** Opening Dataset extract block **

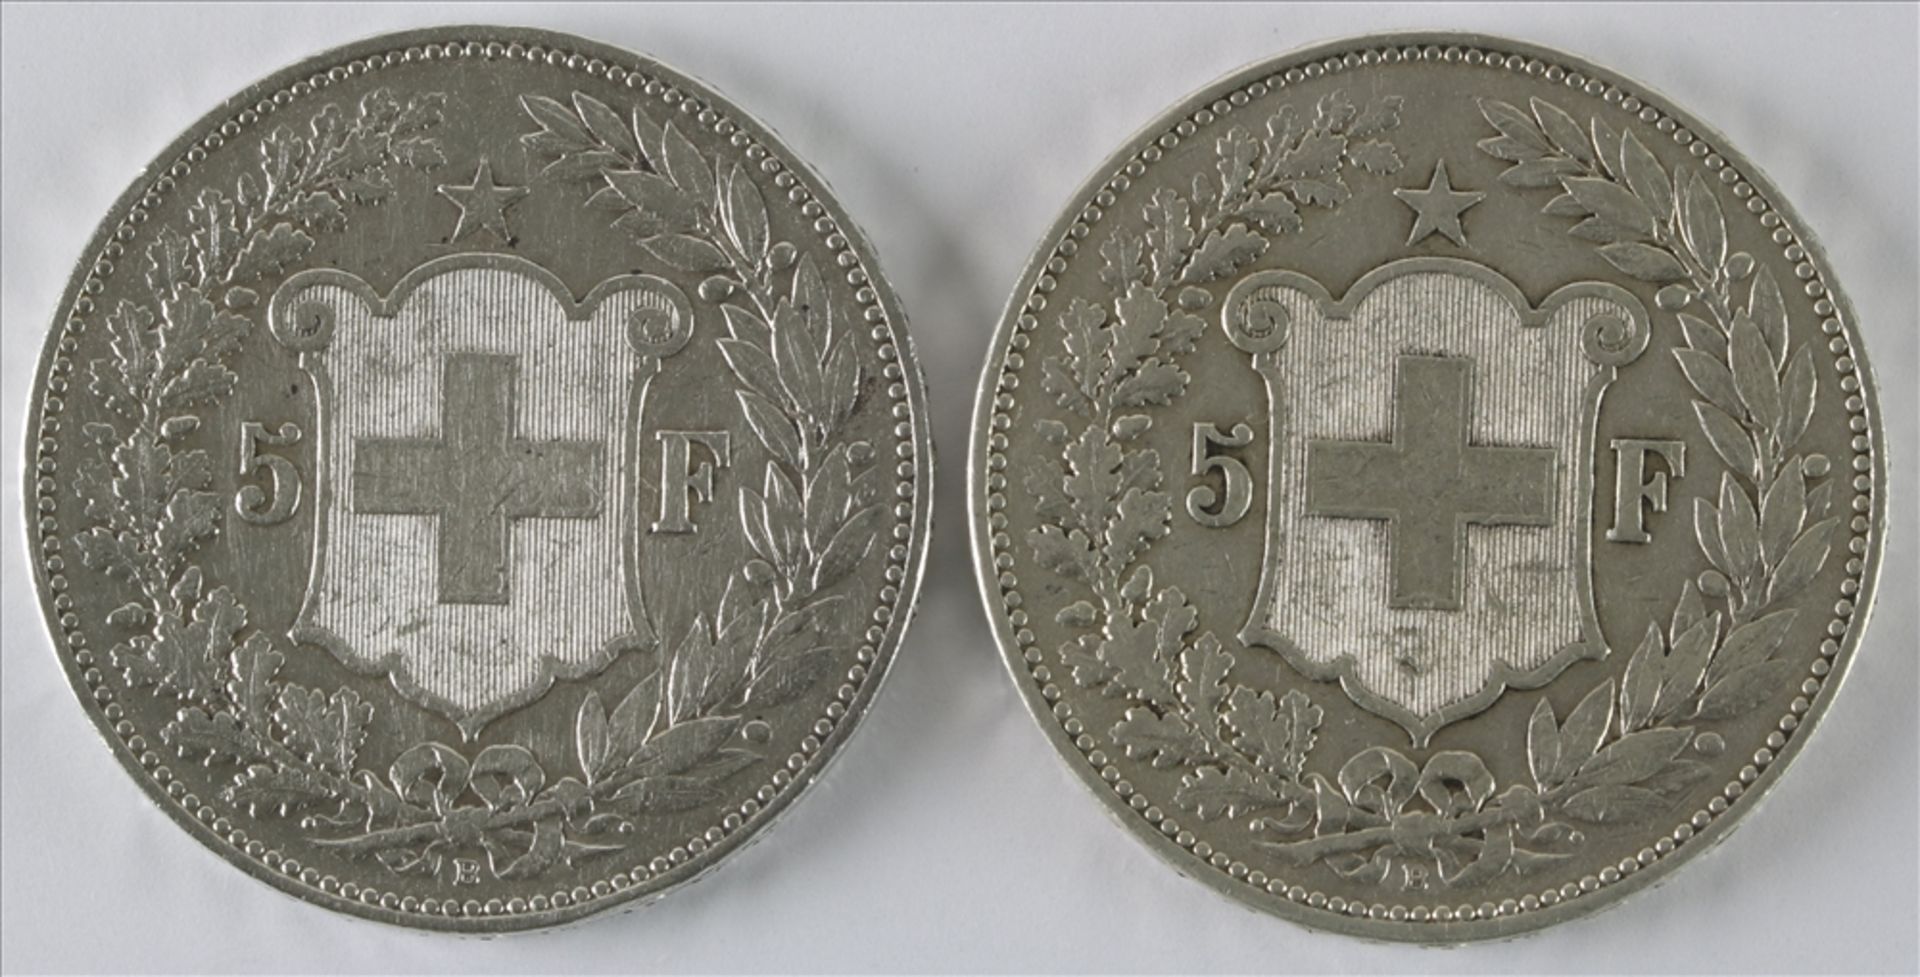 Zwei 5 Franken Münzen Schweiz, 1907 B. Durchmesser ca. 37 mm, Gewicht ca. 24,9 Gramm. Guter Zustand. - Bild 2 aus 2
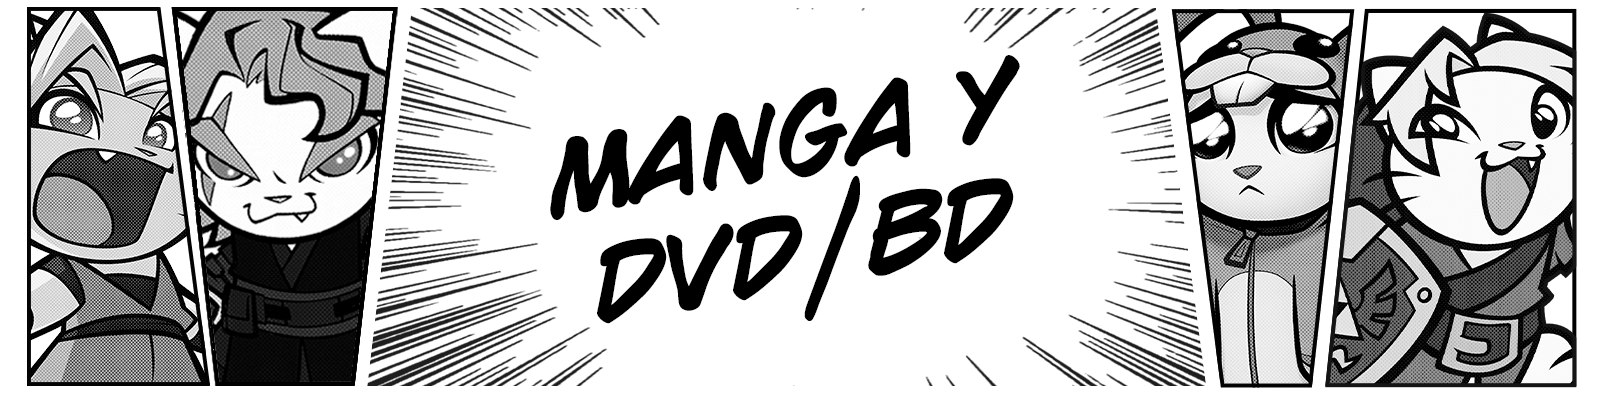 Manga & DVD/BD
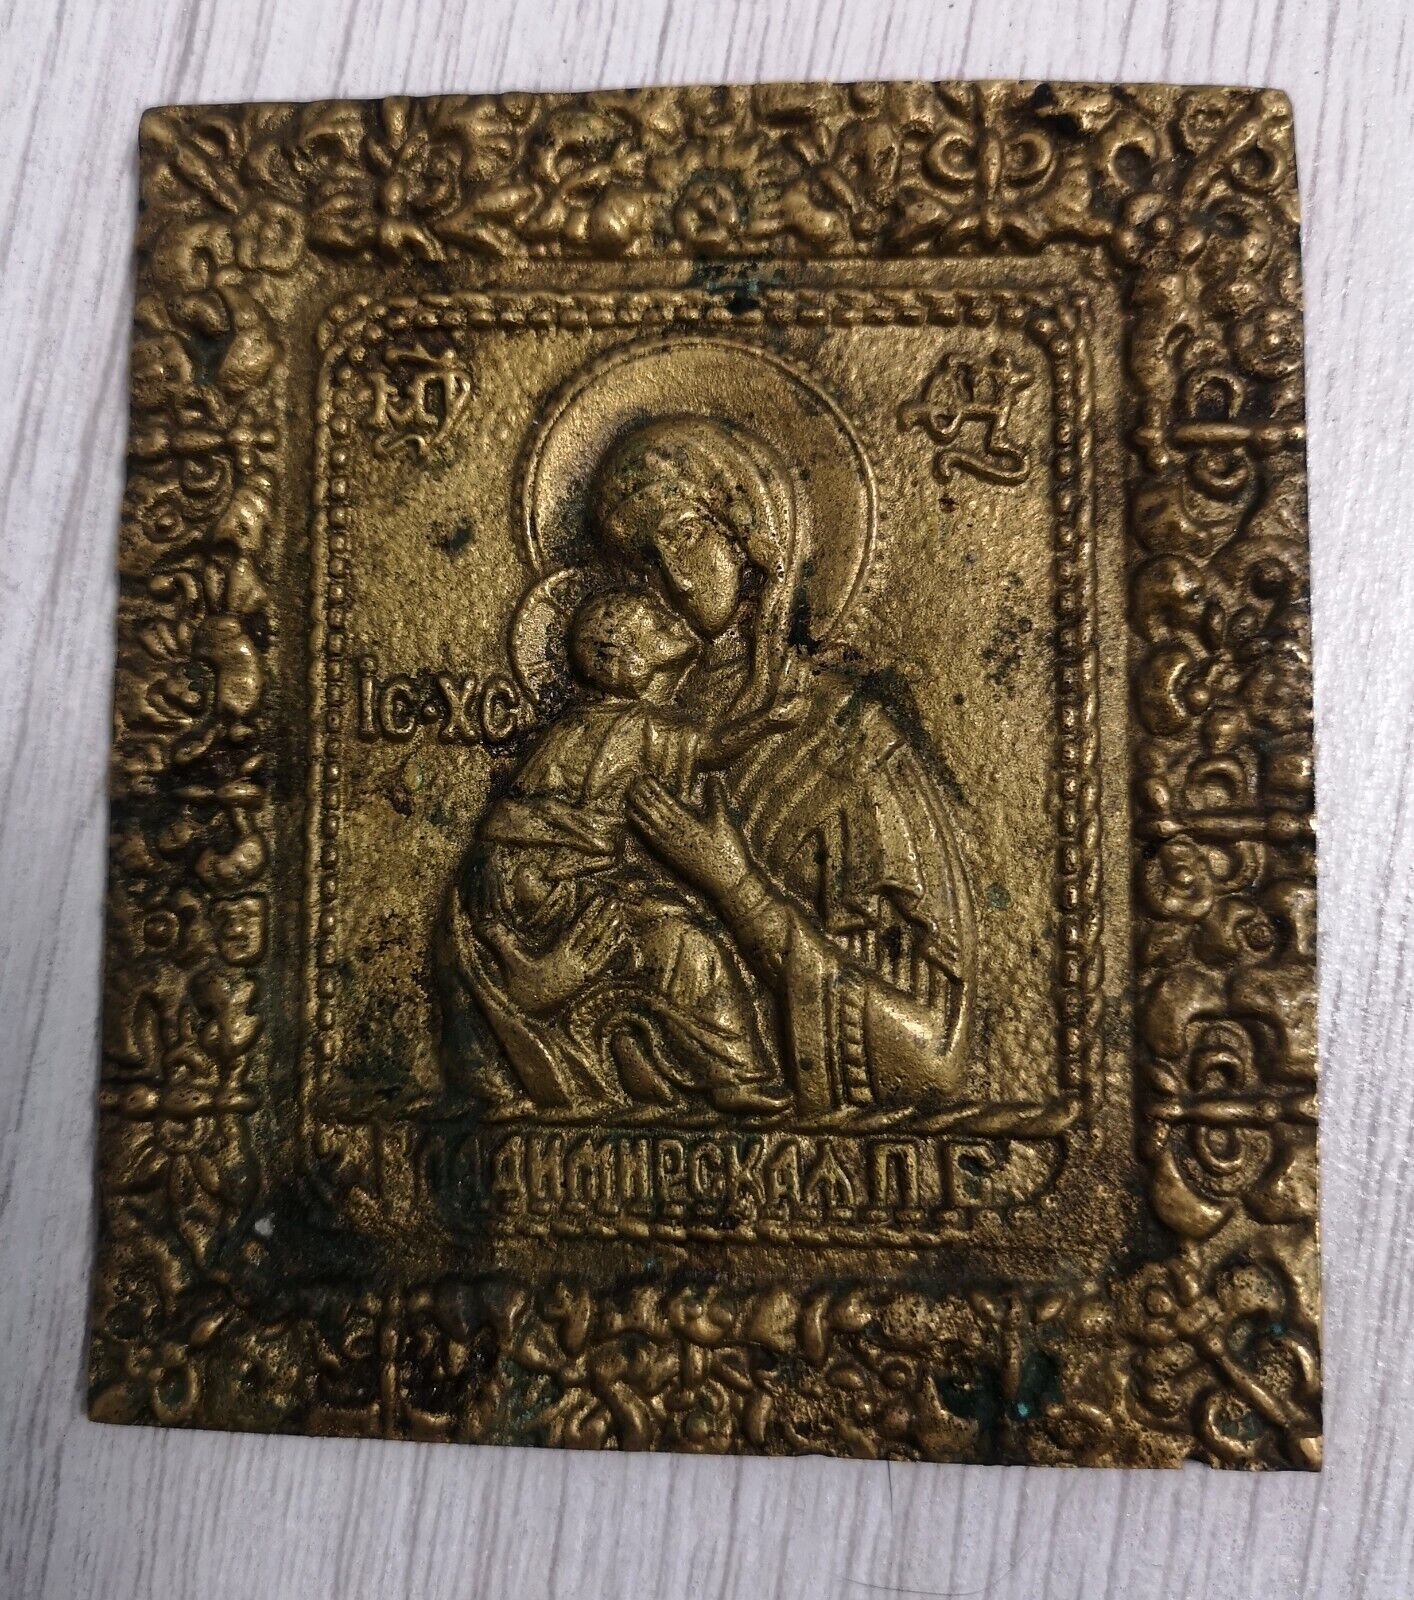 Very rare Antique bronze icon orthodoxy 19th century Christianity Ukraine
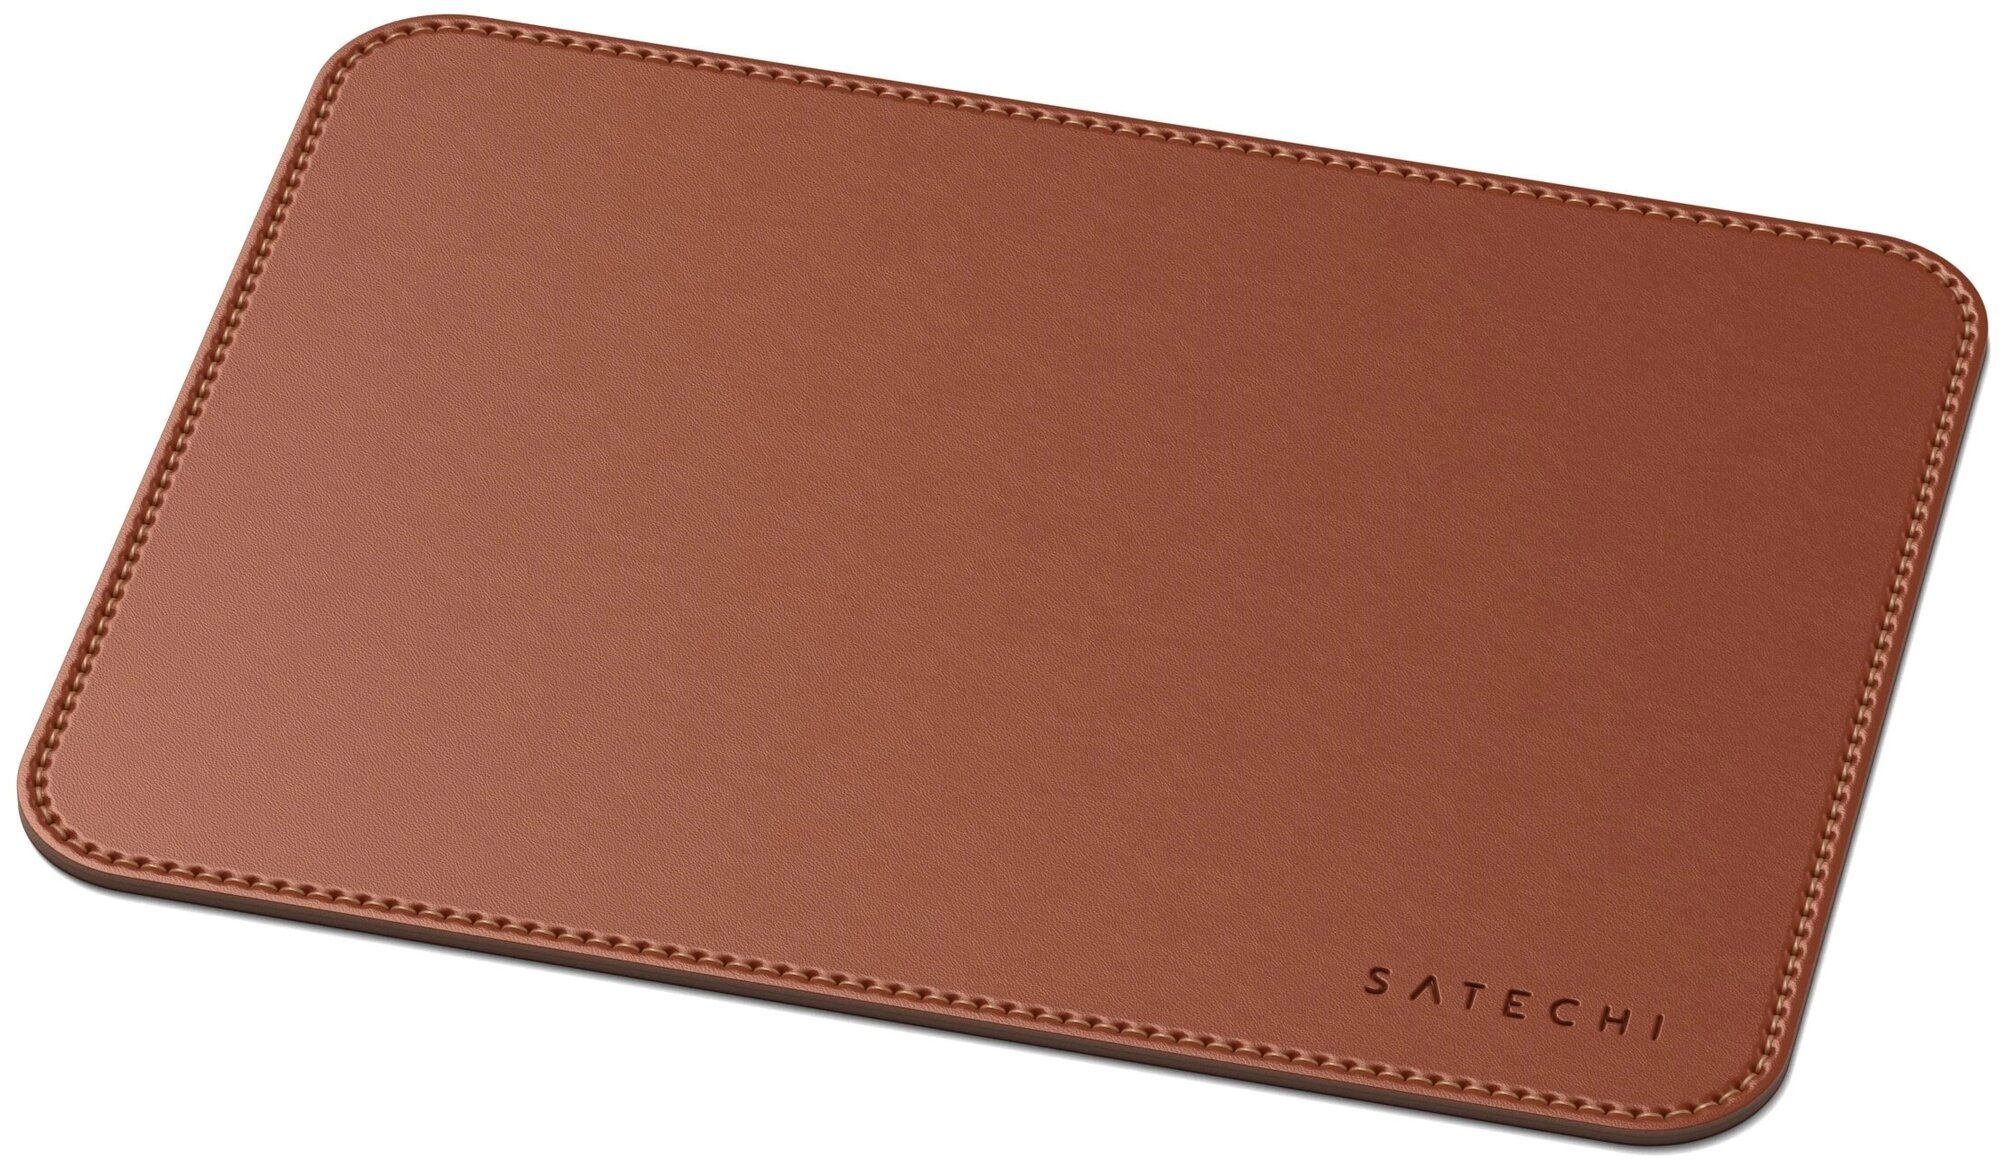 Коврик Satechi Eco Leather Mouse Pad Размер 25 x 19 см. коричневый. коврик игровой pulsar es1 mouse pad 3mm l 420x330 black

** Closing Dataset extract block **

Problem to work on: Print the listing again exactly, please. Keep the pictures out of it.

Written solution:
 Zwei 5 Franken Münzen Schweiz, 1907 B. Durchmesser ca. 37 mm, Gewicht ca. 24,9 Gramm. Guter Zustand. - Bild 2 aus 2
 Manga & DVD/BD
 Very rare Antique bronze icon orthodoxy 19th century Christianity Ukraine
 Коврик Satechi Eco Leather Mouse Pad Размер 25 x 19 см. коричневый. коврик игровой pulsar es1 mouse pad 3mm l 420x330 black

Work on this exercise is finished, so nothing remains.